Correlations between genes are utilized in algorithms of recovering missed values of gene expression57. Methods such as the Weighted Gene Co-Expression Network Analysis (WGCNA) calculate a connectivity score/measure between genes to external gene information58. This supports the possibility of using the expression of several genes in our linear projection of a target gene between EC and poly-A. We developed the mProcrustes model to utilize co-expressed genes wherein for each predictor x1,x2,...xp, there exists a corresponding vector of coefficients \(w\) for each target gene, where predictors (or genes) for such a model can be selected based on Pearson correlation coefficients.
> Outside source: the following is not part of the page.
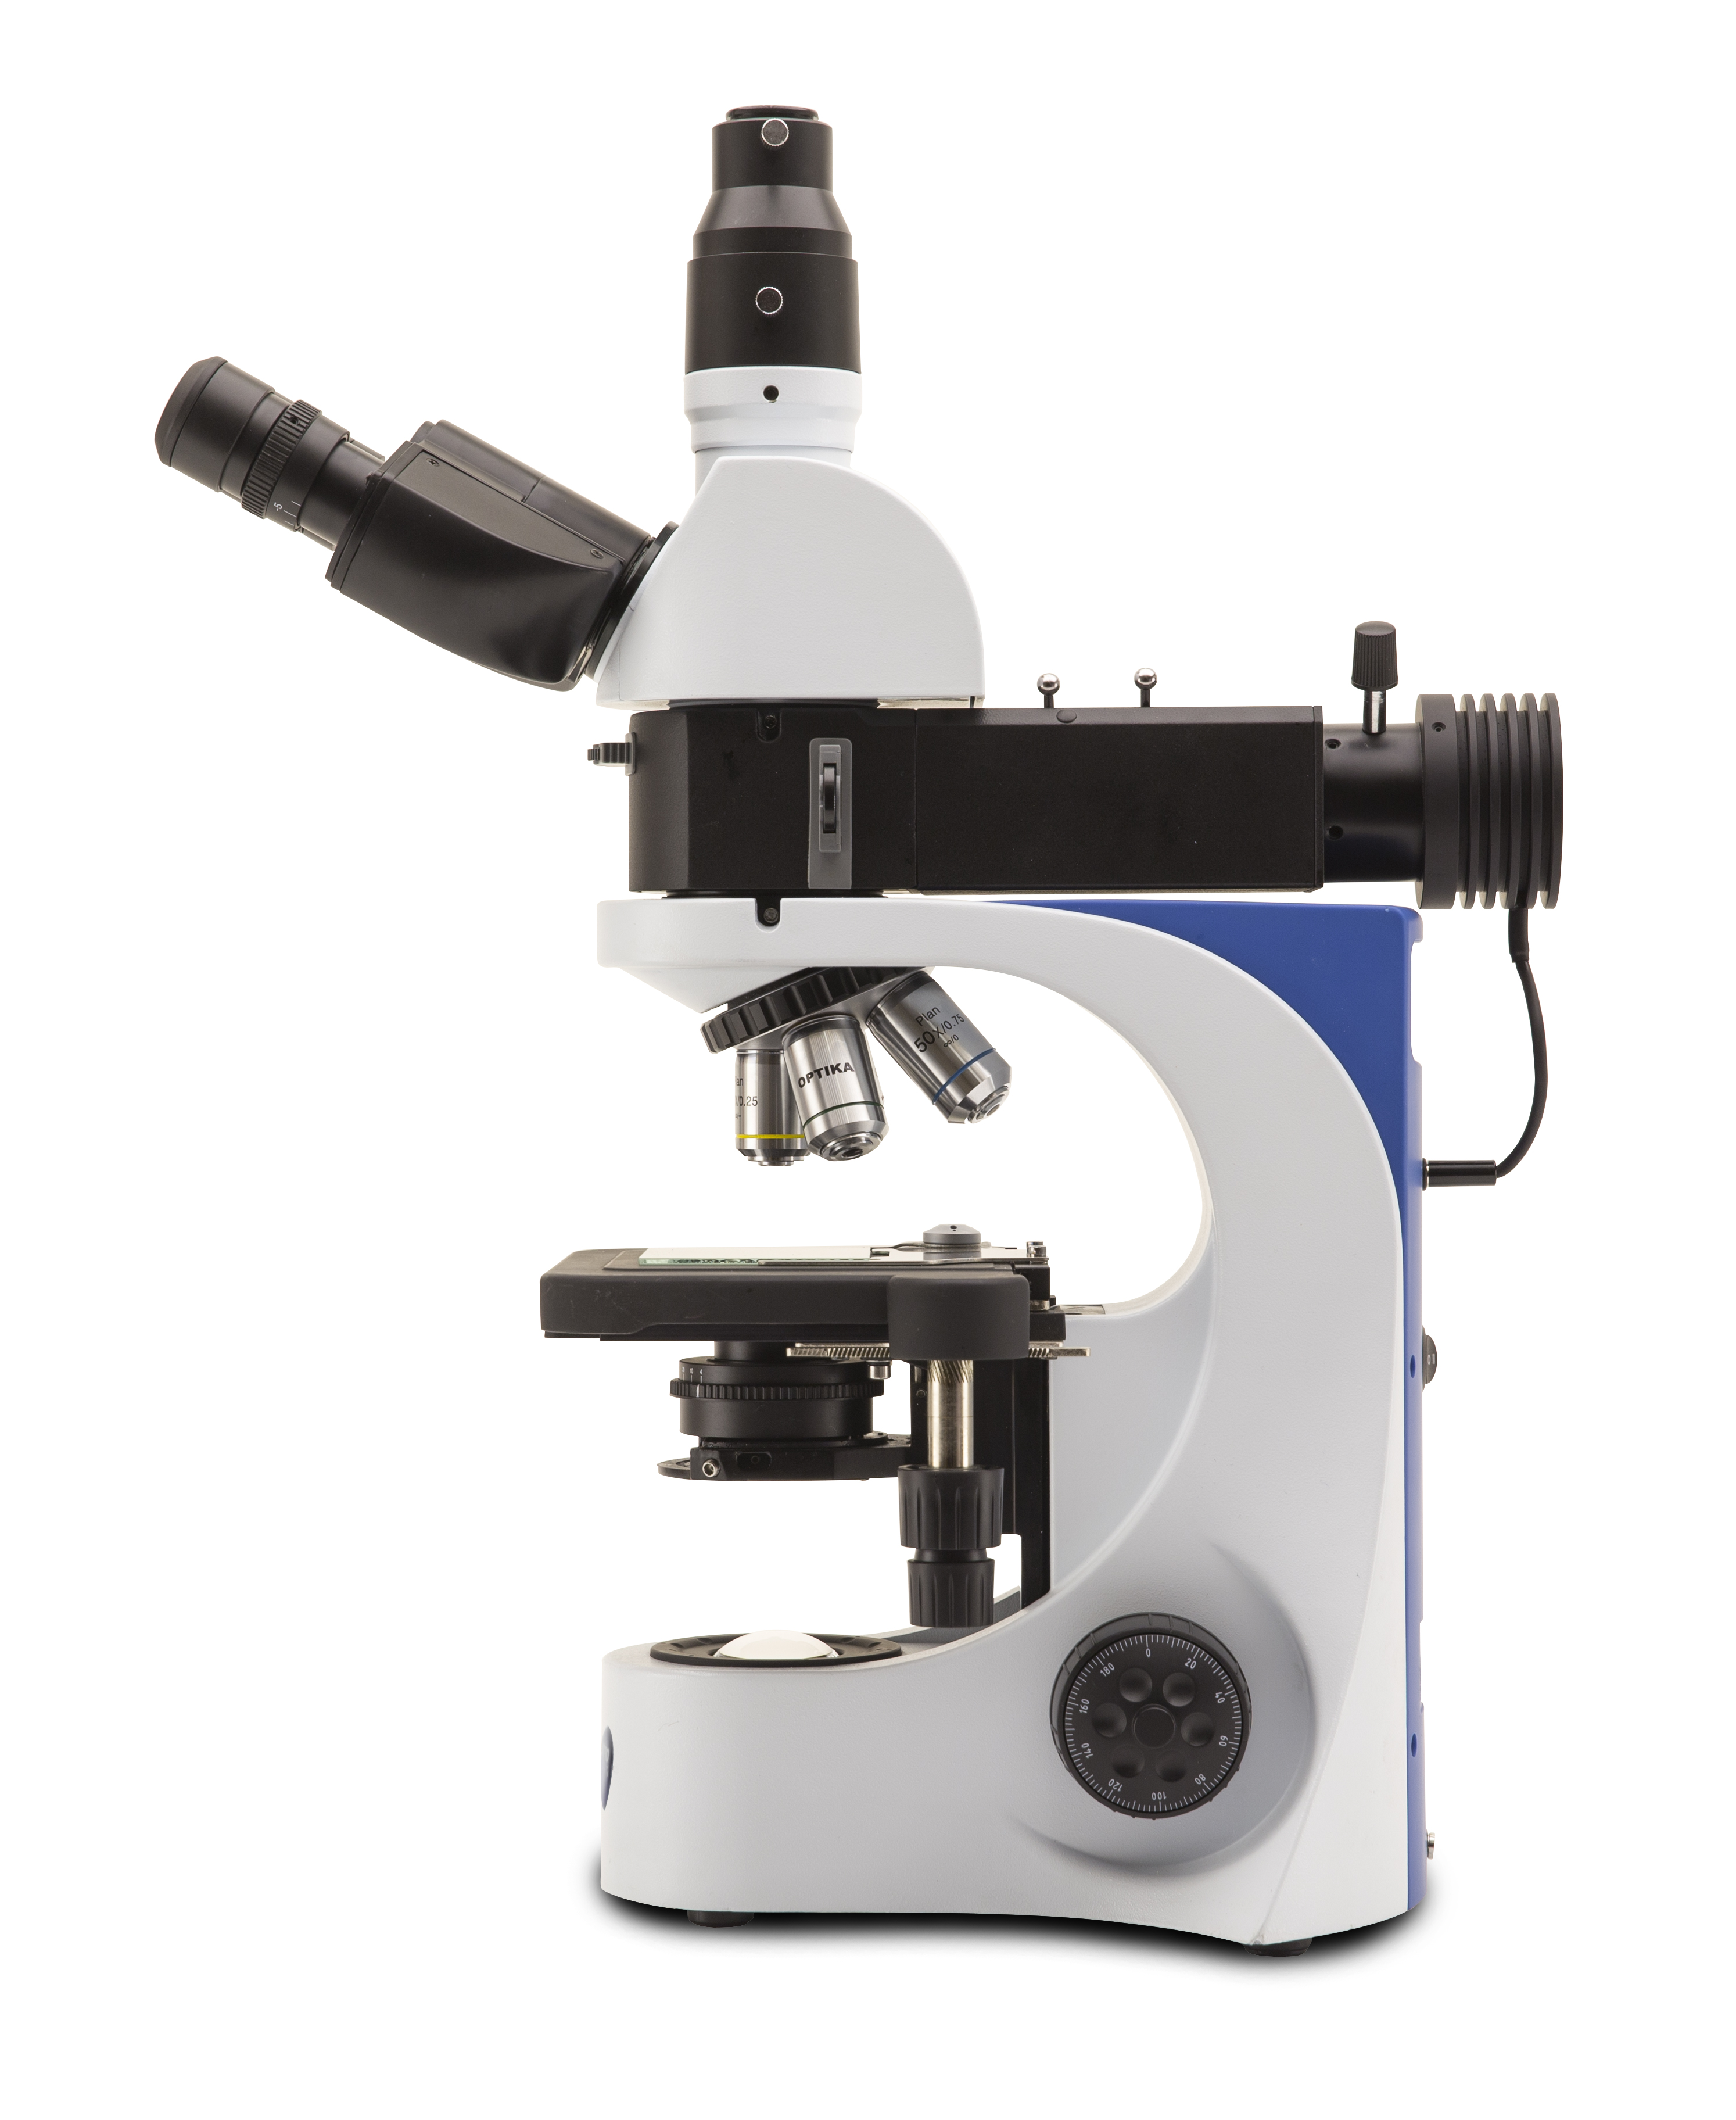 กล้องจุลทรรศน์แบบแสงตกกระทบสำหรับงานวัสดุและโลหะวิทยา (Metallurgical Upright Microscope) ยี่ห้อ OPTIKA รุ่น B-383MET

First, we selected 13 TCGA cancer-specific cohorts, each containing at least 50 samples. Then, the Pearson correlation coefficient was calculated for each gene in each cohort. For every gene in each of the chosen cohorts, we selected five genes with the highest correlation values (Pearson correlation of at least 0.7) to generate a summarized list of coexpressed genes for each gene. Next, these same steps were used to select the ten most correlated genes for each gene in the MET500-poly-A cohort to generate a similar summarized list. Finally, we merged those summarized lists into a finalized list of co-expressed genes for use with mProcrustes. The end result was a list of 19431 genes that had at least one co-expressed gene, up to a maximum of 56 co-expressed genes (Supplementary Fig. 9c).

Ridge and Lasso regression

To test whether it is necessary to use a combination of l1-/l2-penalties or they can be used separately, we performed model training and validation in the same way as for sProcrustes. For both Ridge and Lasso, we made separate linear regression models for each gene using GridSearchCV cross-validation (see grid for hyperparameter tuning in Supplementary Note 1) on the training samples from the MET500 dataset. Next, we assessed CCC on the MET500 holdout subset.

Random Forest regression

We used Random Forest Regression (RFR; RandomForestRegressor, scikit-learn18) to test whether non-linear methods might perform better than linear regression. We applied RFR to each gene separately on the MET500-training subset as was done for sProcrustes, Ridge regression, and Lasso regression. We used GridSearchCV to tune hyperparameters with cross-validation (see grid for hyperparameter tuning in Supplementary Note 1). Next, we assessed CCC on the MET500 validation subset.

Reporting summary

Further information on research design is available in the Nature Portfolio Reporting Summary linked to this article.